Turaga, S., Buesing, L., Packer, A., Dalgleish, H., Pettit, N., Hausser, M., et al. (2014). Inferring neural population dynamics from multiple partial recordings of the same neural circuit. In C. Burges, L. Bottou, M. Welling, Z. Ghahramani, & K. Weinberger (Eds.), Advances in Neural Information Processing Systems 26 (pp. 539-547). Red Hook, NY, USA: Curran.
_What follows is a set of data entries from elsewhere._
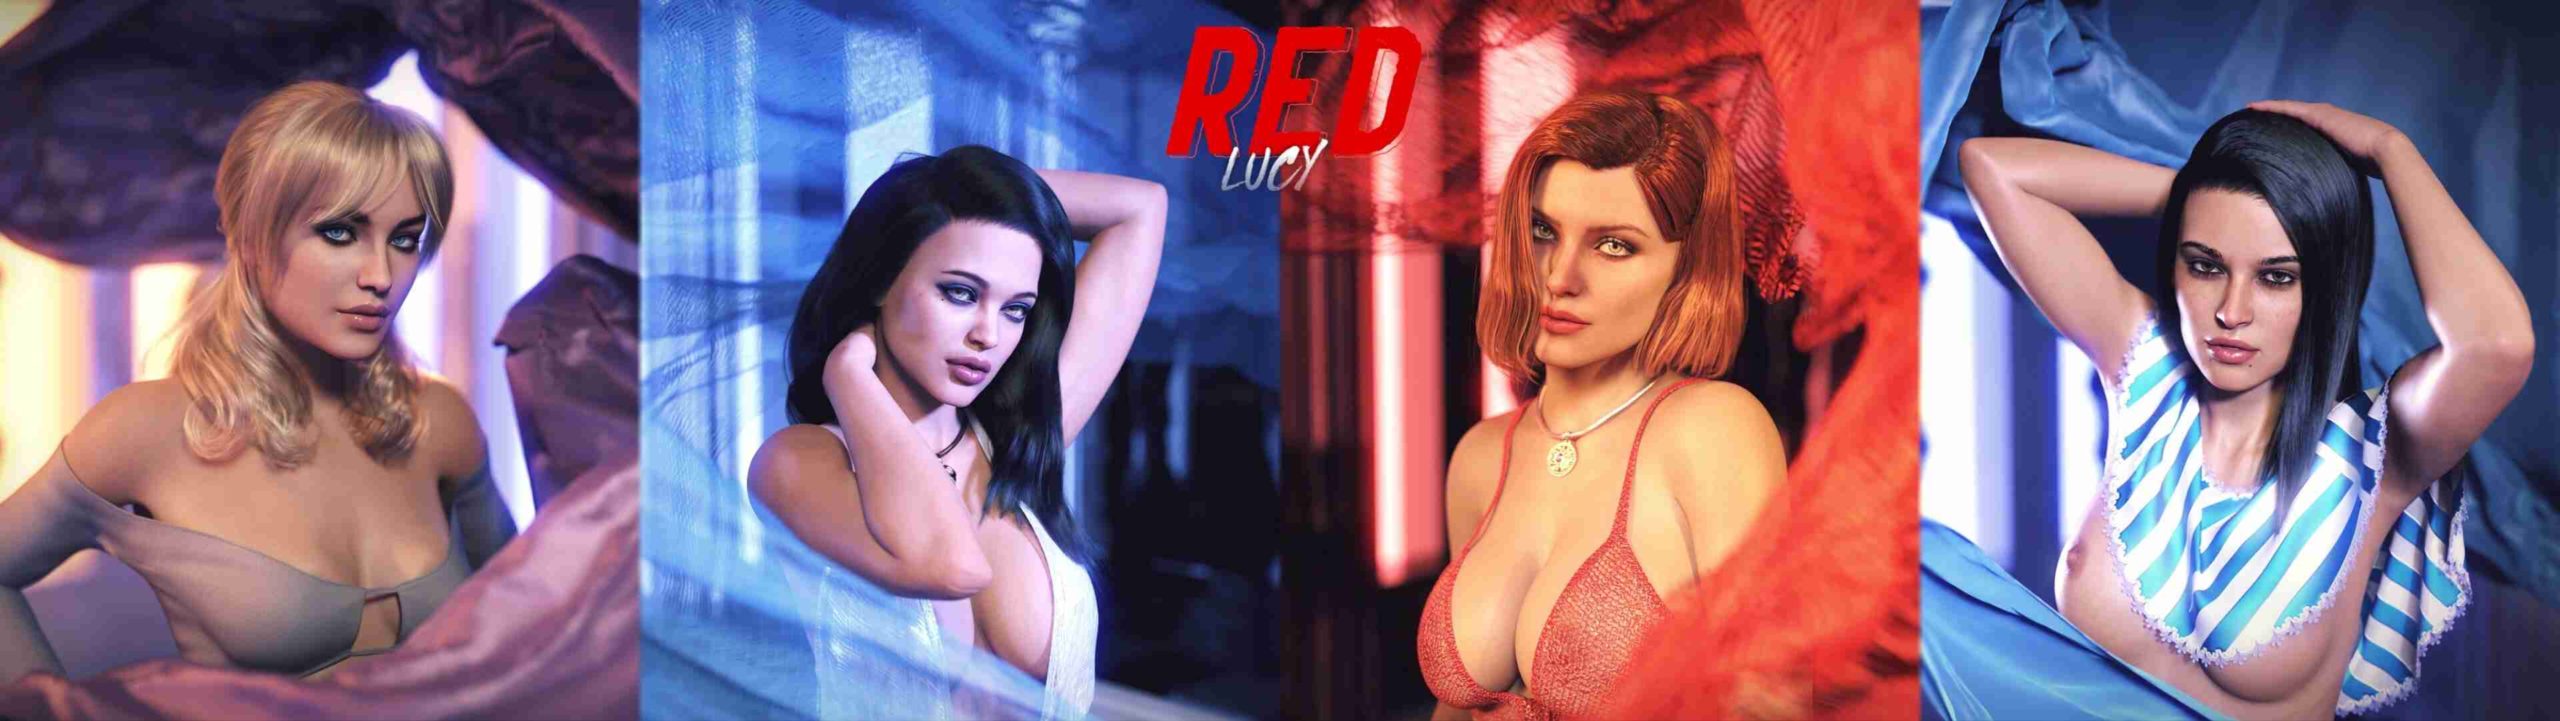 HardCorn, Creating Renpy Erotic & Adult Games
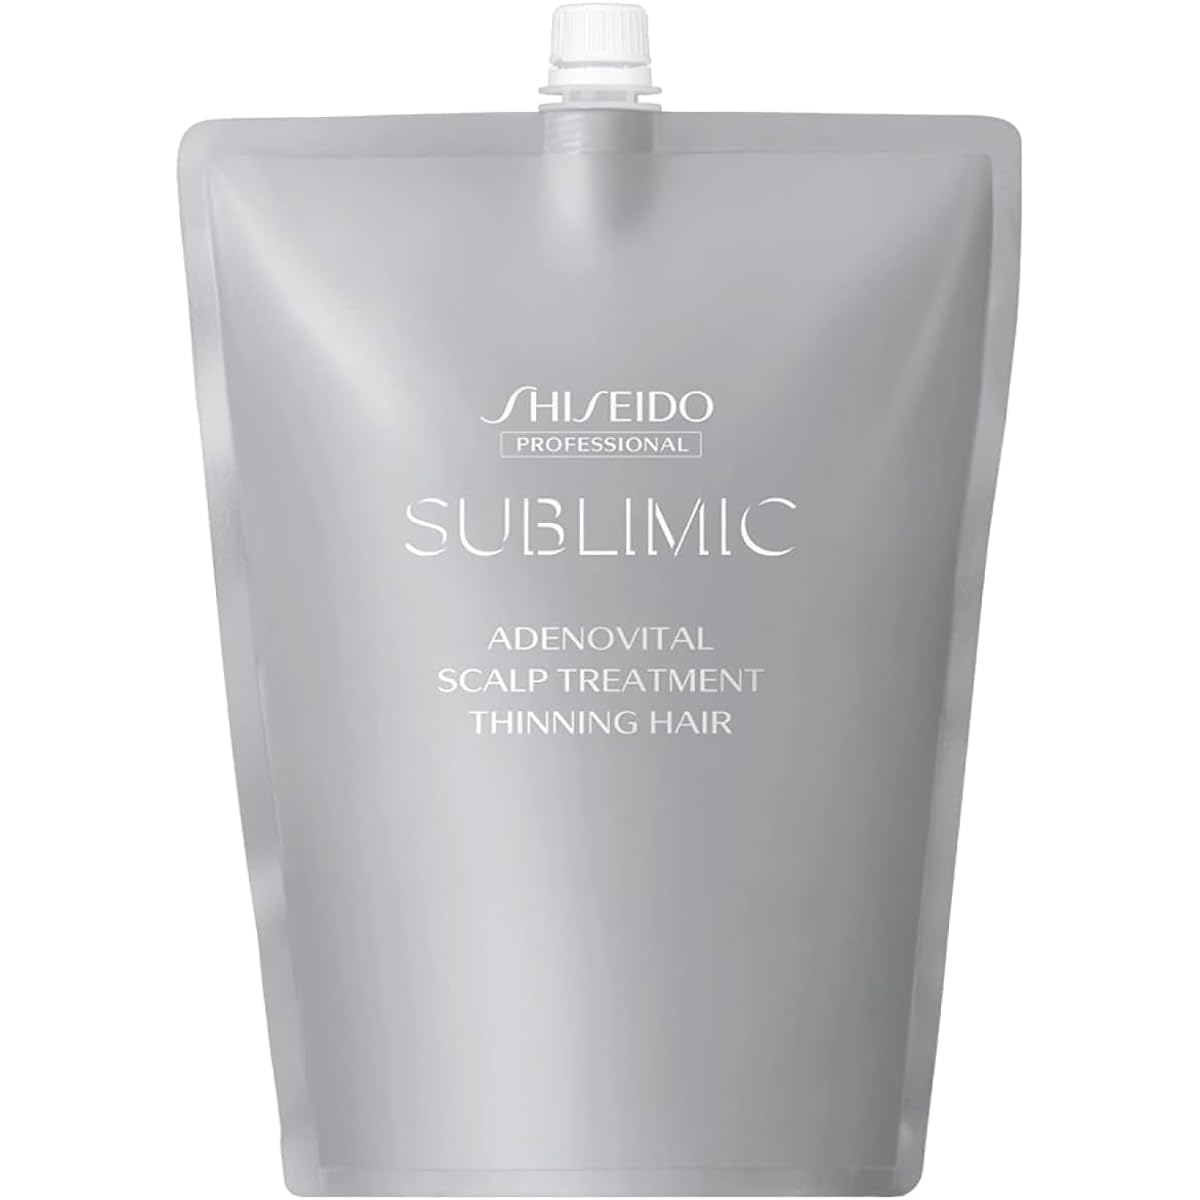 Shiseido Pro Sublimic Adenovital Hair Treatment 1800g Refill
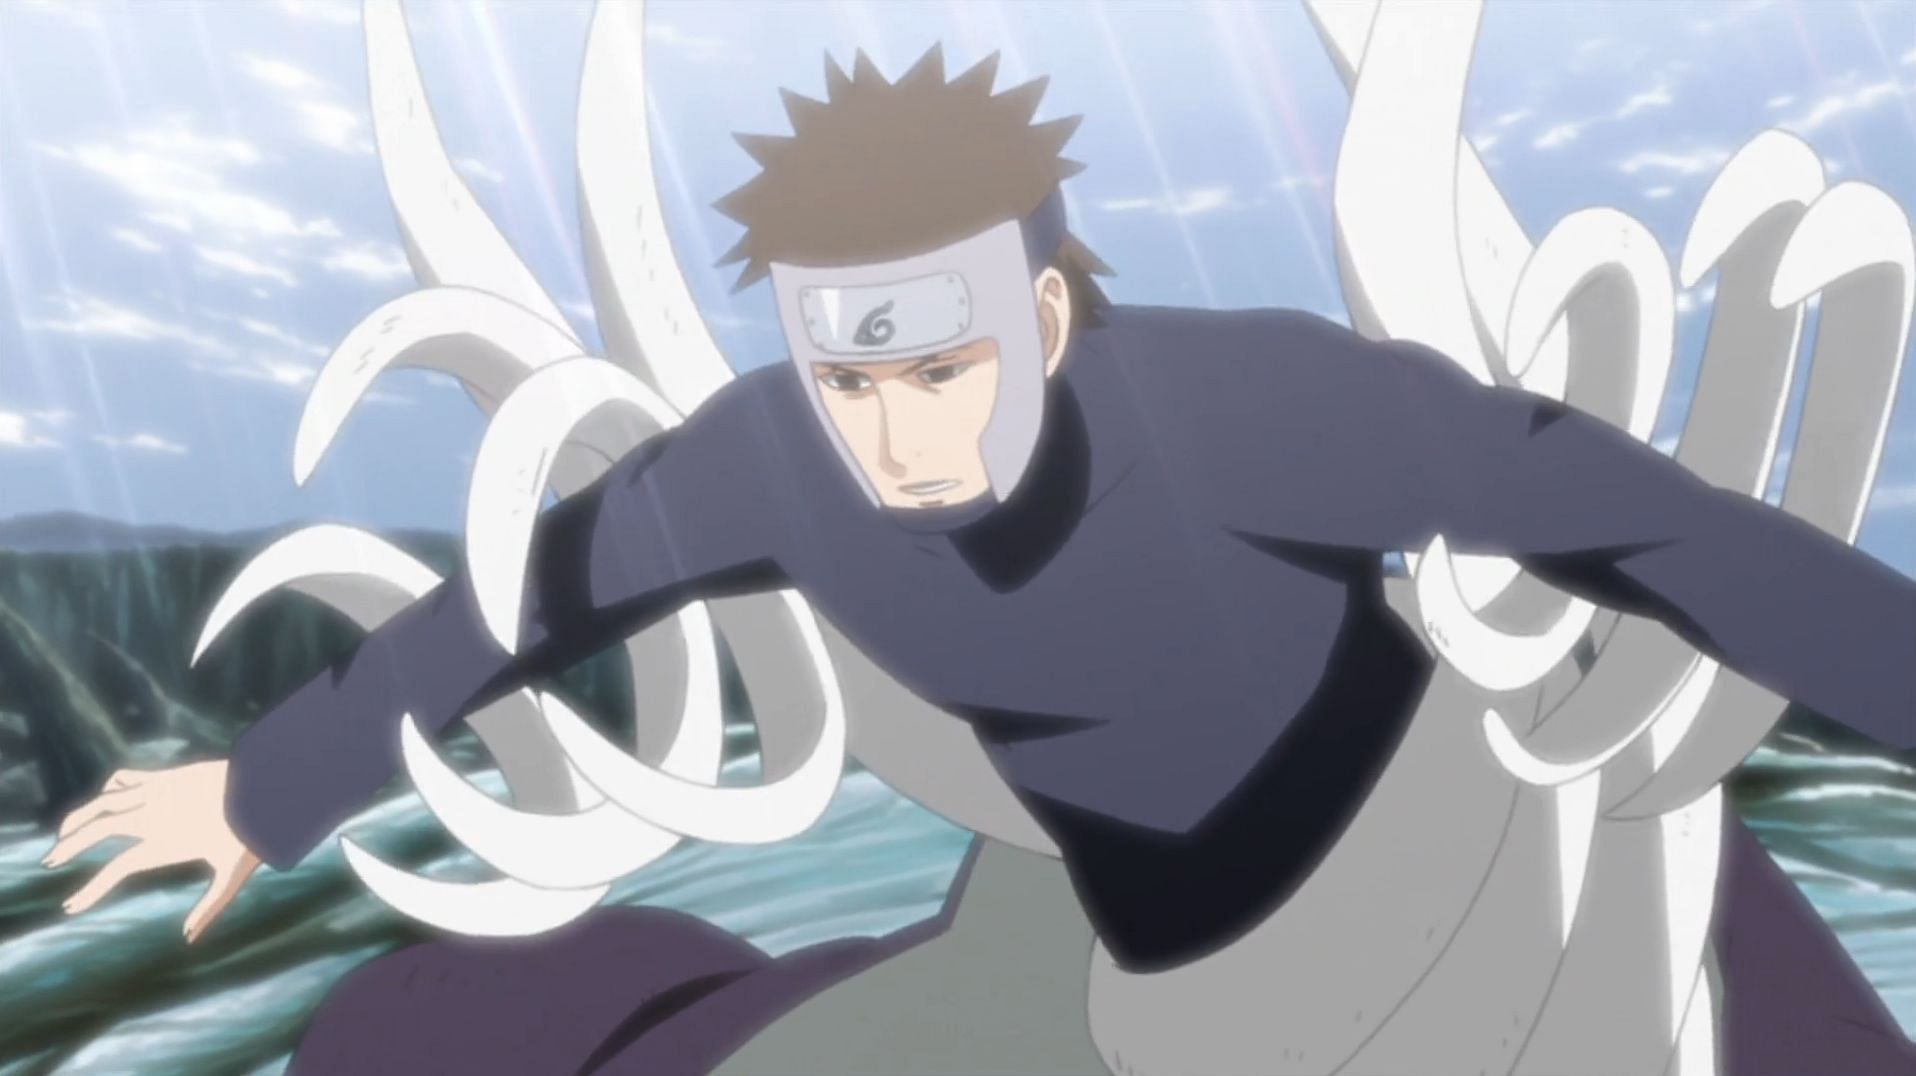 Yamato as seen in the anime Naruto (Image via Studio Pierrot)

Zitierlink: https://hdl.handle.net/11858/00-001M-0000-0027-80BF-6
Zusammenfassung
Simultaneous recordings of the activity of large neural populations are extremely valuable as they can be used to infer the dynamics and interactions of neurons in a local circuit, shedding light on the computations performed. It is now possible to measure the activity of hundreds of neurons using 2-photon calcium imaging. However, many computations are thought to involve circuits consisting of thousands of neurons, such as cortical barrels in rodent somatosensory cortex. Here we contribute a statistical method for stitching'' together sequentially imaged sets of neurons into one model by phrasing the problem as fitting a latent dynamical system with missing observations. This method allows us to substantially expand the population-sizes for which population dynamics can be characterized---beyond the number of simultaneously imaged neurons. In particular, we demonstrate using recordings in mouse somatosensory cortex that this method makes it possible to predict noise correlations between non-simultaneously recorded neuron pairs.